Otherwise, says Elbert Hudson, president of Broadway Federal Savings and a director on Black Agenda's board, ''We have mama-papa shops, service industries, but we really don't have the manufacturing jobs that produce other jobs.''

One question is how well black communities with low -income levels can support business. And just as important is how well bank officers think the black community can support business.

An emerging strategy now, according to William Bradford, a professor of finance at the University of Maryland, College Park, is for black businesses to settle on the periphery of the black community. This way they can serve the community without depending on it.

Most important, Kilgore says, is for black-owned business to supply these vital needs: what people eat, what they wear, and what they put into their cars.

A longstanding irony of this kind of endeavor is that as business people join the middle- and upper-middle classes, they move out of poorer neighborhoods and take their spending money with them. Barry Baszile is one of these. He is a practical man: ''I go where I can get the best bargain for my dollar,'' he says.

At the same time, crime has reached a scale where -Richard America feels he has ''come around 180 degrees in the last 10 years'' to rate it as the No. 1 problem in the nation's ghettos. When it's safe to open retail shops in a neighborhood, he says, people will do it.
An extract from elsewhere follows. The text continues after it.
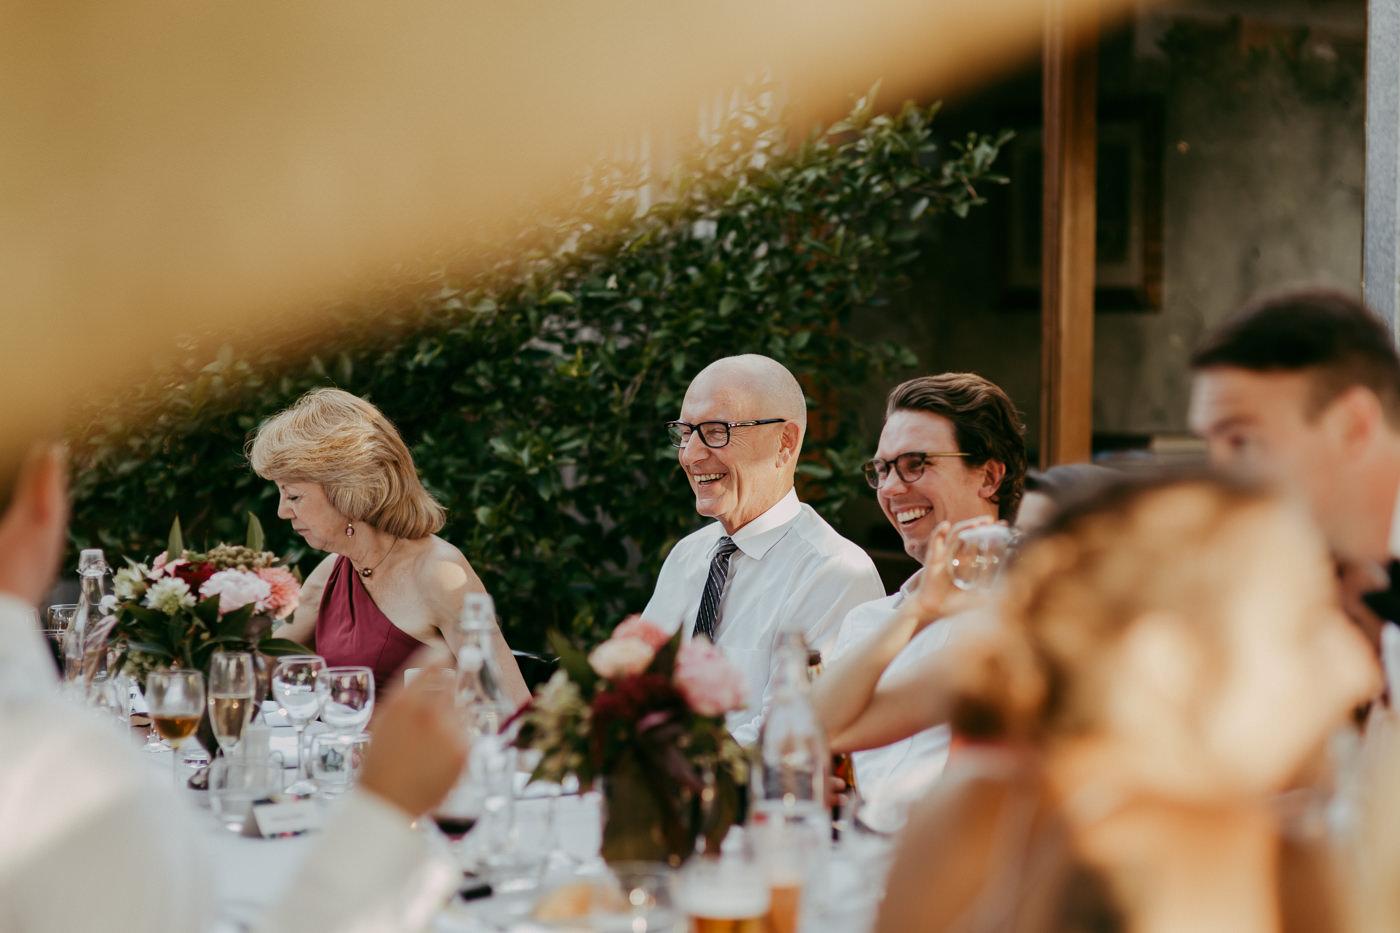 Anthony & Eliet - Wagga Wagga Wedding - Country NSW - Samantha Heather Photography-134.jpg
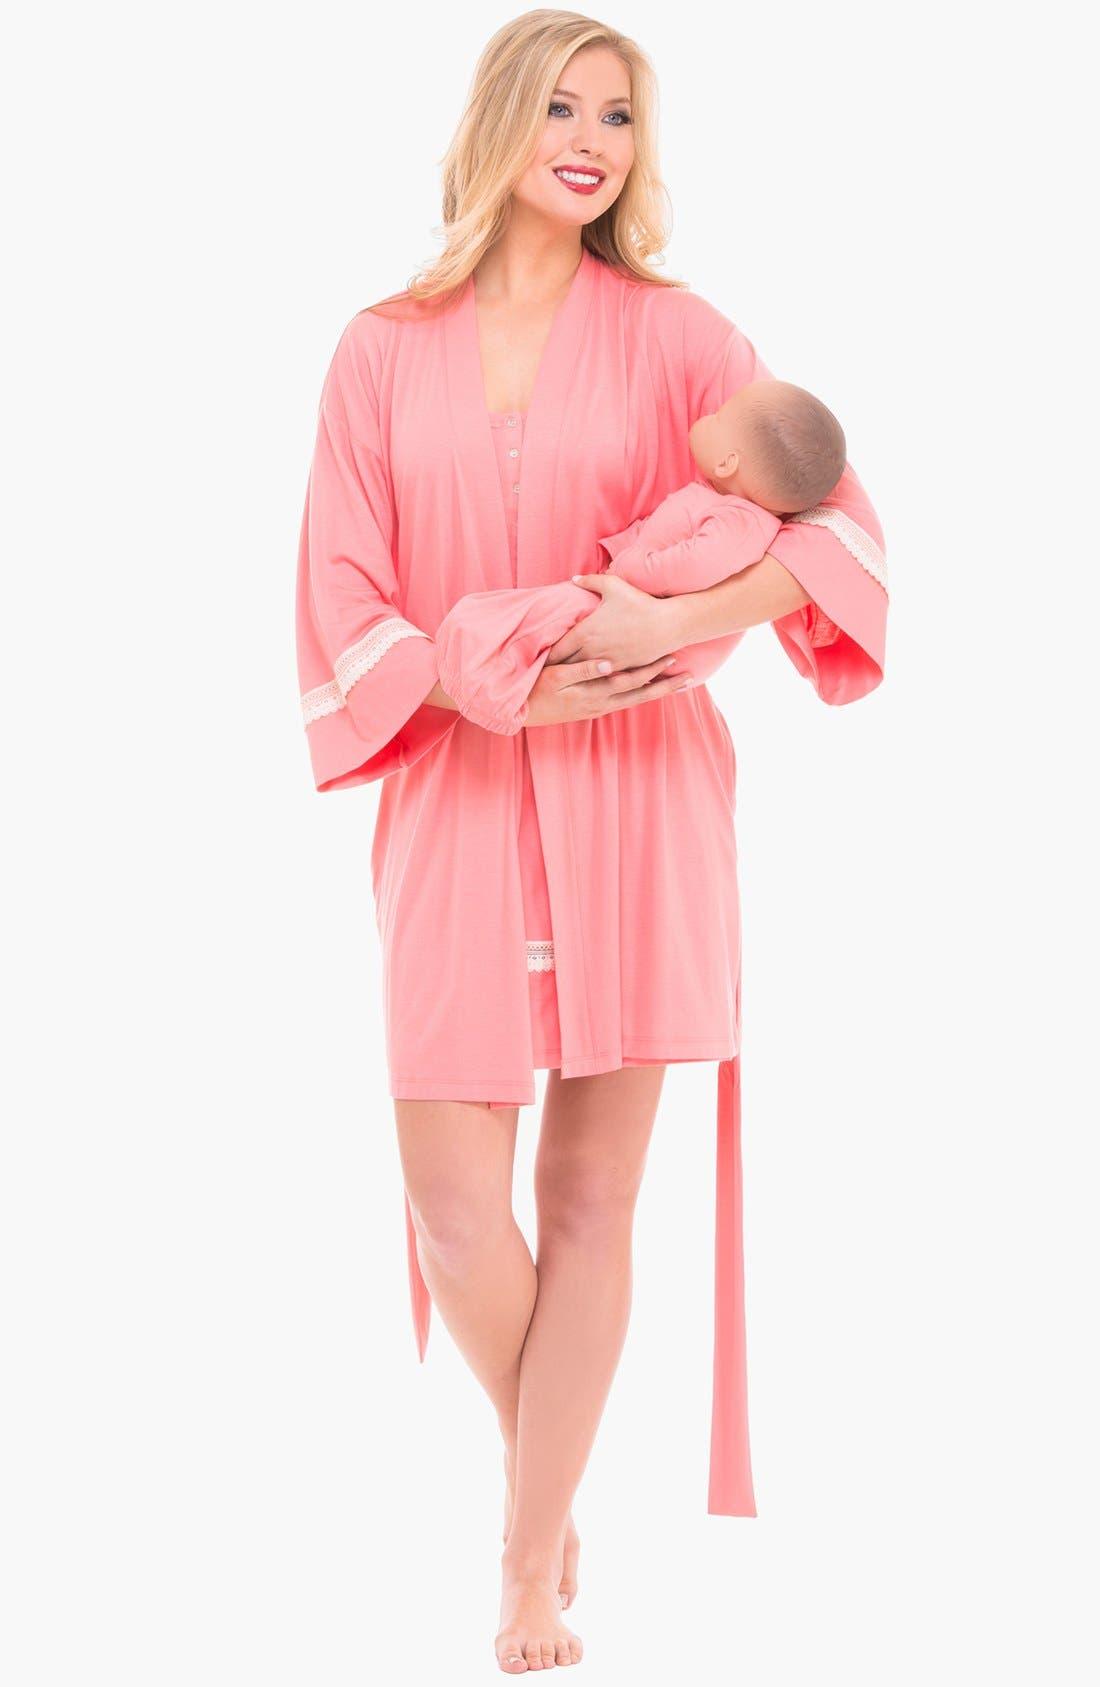 Alternate Image 1 Selected - Olian Three-Piece Maternity Sleepwear Gift Set

Still, the sweep of history seems to be heading in the black businessman's favor. Sethard Fisher, a professor of sociology at the University of California at Santa Barbara, who specializes in race relations, sees the present era as a second Reconstruction. Blacks have more upward mobility in this country now than ever before, he says. This is most obvious in higher education, where the proportion of black students keeps growing every year. And certain categories of blacks, Fisher notes, actually make higher average incomes than their comparable white counterparts.

The upshot, and the theme of his just-published book, ''From Margin to Mainstream,'' is that blacks have successfully moved from ''the social status of a caste to that of a differentiated class entity.'' In other words, blacks may still be bunched into the lower classes. But all class levels are increasingly open to them and they are finding their way up.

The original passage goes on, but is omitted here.